Photo courtesy of Matthew Hull, morgueFile.com

Humpback whale breaching

Scientists have recently found that a specialized type of brain cell, called a spindle neuron, has been found in some types of whales, such as the humpback and fin whales.1,2 These sorts of cells had previously only been observed in the great apes and humans. They are thought to connect regions of the brain associated with advanced brain function, such as complex thought and emotions. This has caused some to question whether or not animals have the capacity to love as humans do.3

As usual, these findings are spun into an evolutionary tale for the public. These spindle structures are found in the same place in the brains of both primates (apes and humans) and larger whales (humpback and fin whales). So at first sight they appear to be homologous, which means that they evolved in the supposed common ancestor of primates and whales.

However, this neither fits the evolutionary story nor what is found in biology. Firstly, the evolutionary story says that the common ancestor of primates and whales lived about 50–60 million years ago (mya).1 However, these spindle structures are not supposed to have evolved in whales until about 22–30 mya and in primates until about 15 mya.1,2 Secondly, not all primates and whales have these types of cells. Plus there are many other animal groups, neither primates nor whales, which are supposedly descended from such a common ancestor, which do not have such cells. There therefore must have been considerable selective loss in the descendants of the ‘common ancestor’ of all these animals with and without these structures.

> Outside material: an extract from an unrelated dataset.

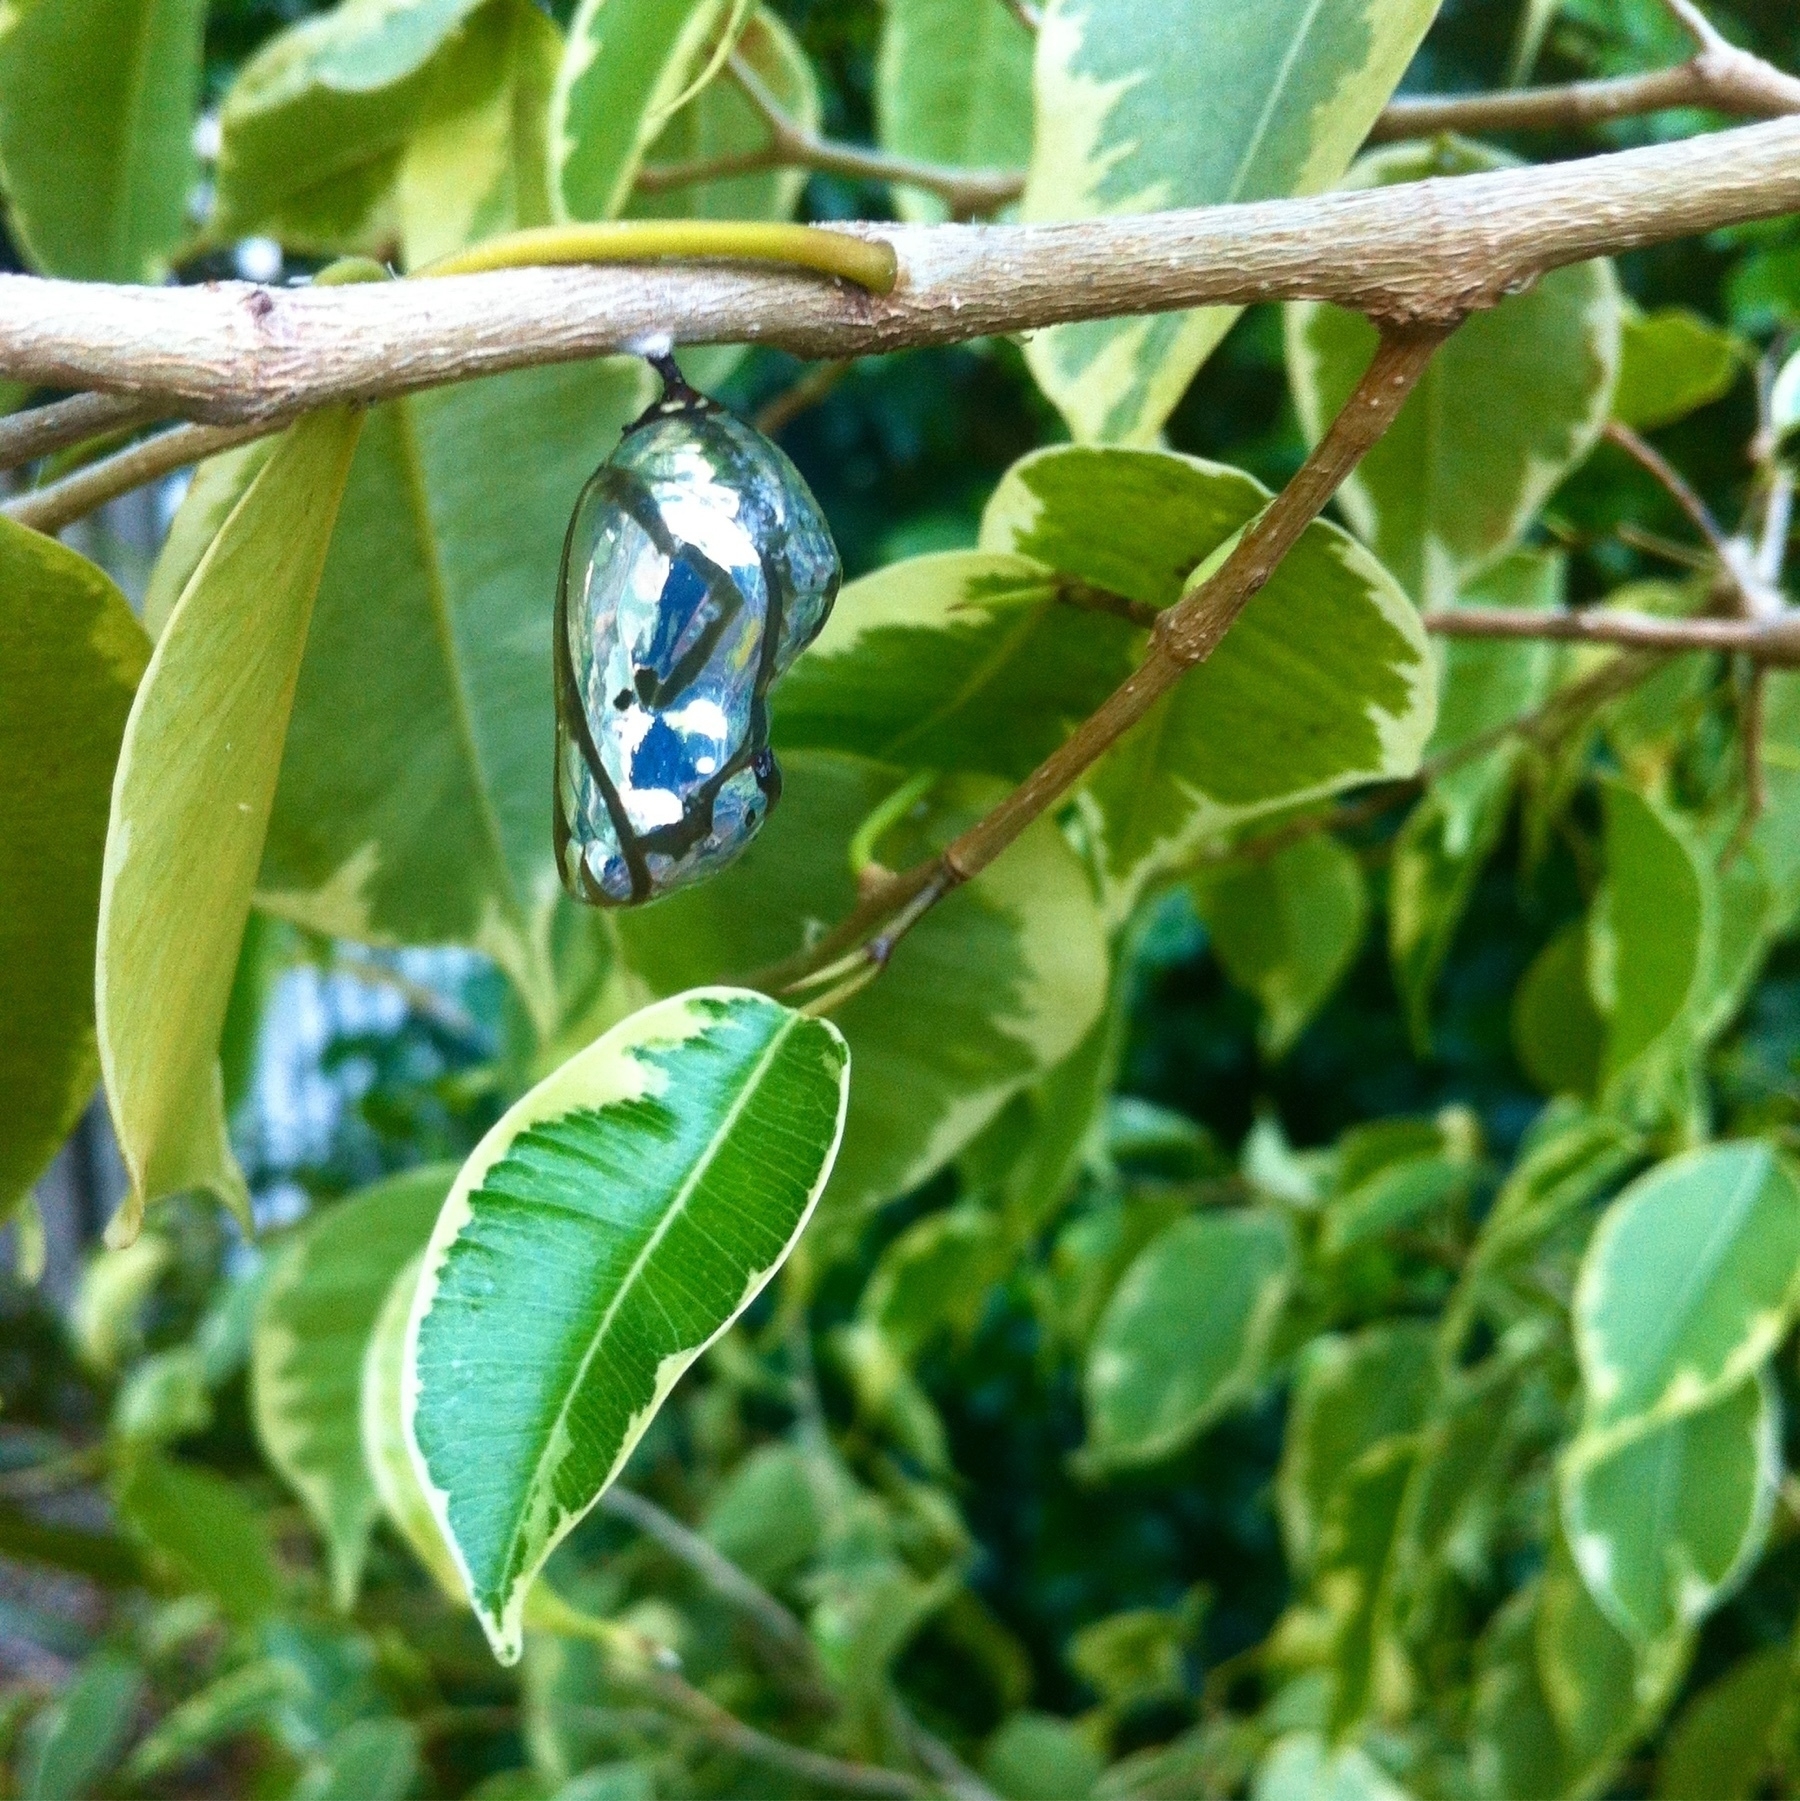 A silver blue cocoon hanging from a thin branch. The background is full of green leaves.

“ Because all other evolutionary explanations fail, then no matter how improbable it would seem to have the same highly complex structure evolving independently by chance mutations/selection, such a claim must be invoked to salvage evolution. ”

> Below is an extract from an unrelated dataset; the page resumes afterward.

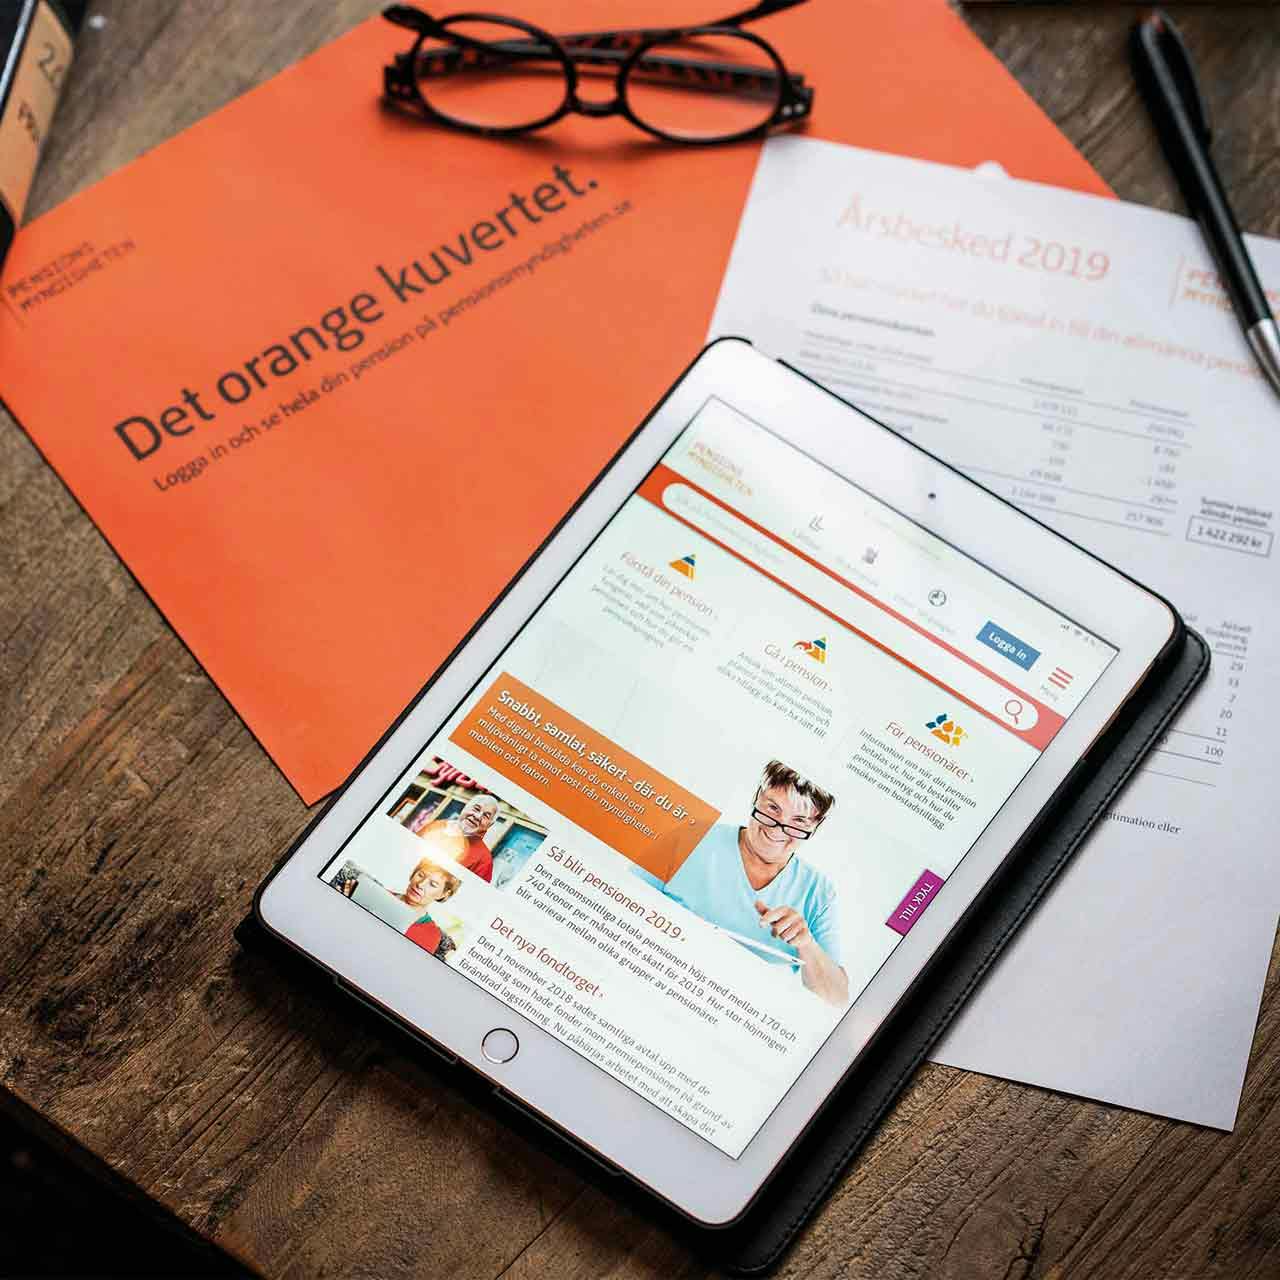 The Swedish Pensions Agency's website, "The Orange Envelope," is displayed on an iPad.

In short, evolutionists can’t say these spindle structures are homologous. So they are forced to invoke homoplasy (in the form of ‘parallel evolution’) to explain how these ‘spindle’ neurons evolved in both primates and whales.1,2 This means that spindle neurons had to independently evolve twice, once in whales and once in primates. These sorts of explanations are a last-ditch effort to explain the patterns we observe while still holding on to the idea of evolution. Because all other evolutionary explanations fail, then no matter how improbable it would seem to have the same highly complex structure evolving independently by chance mutations/selection, such a claim must be invoked to salvage evolution.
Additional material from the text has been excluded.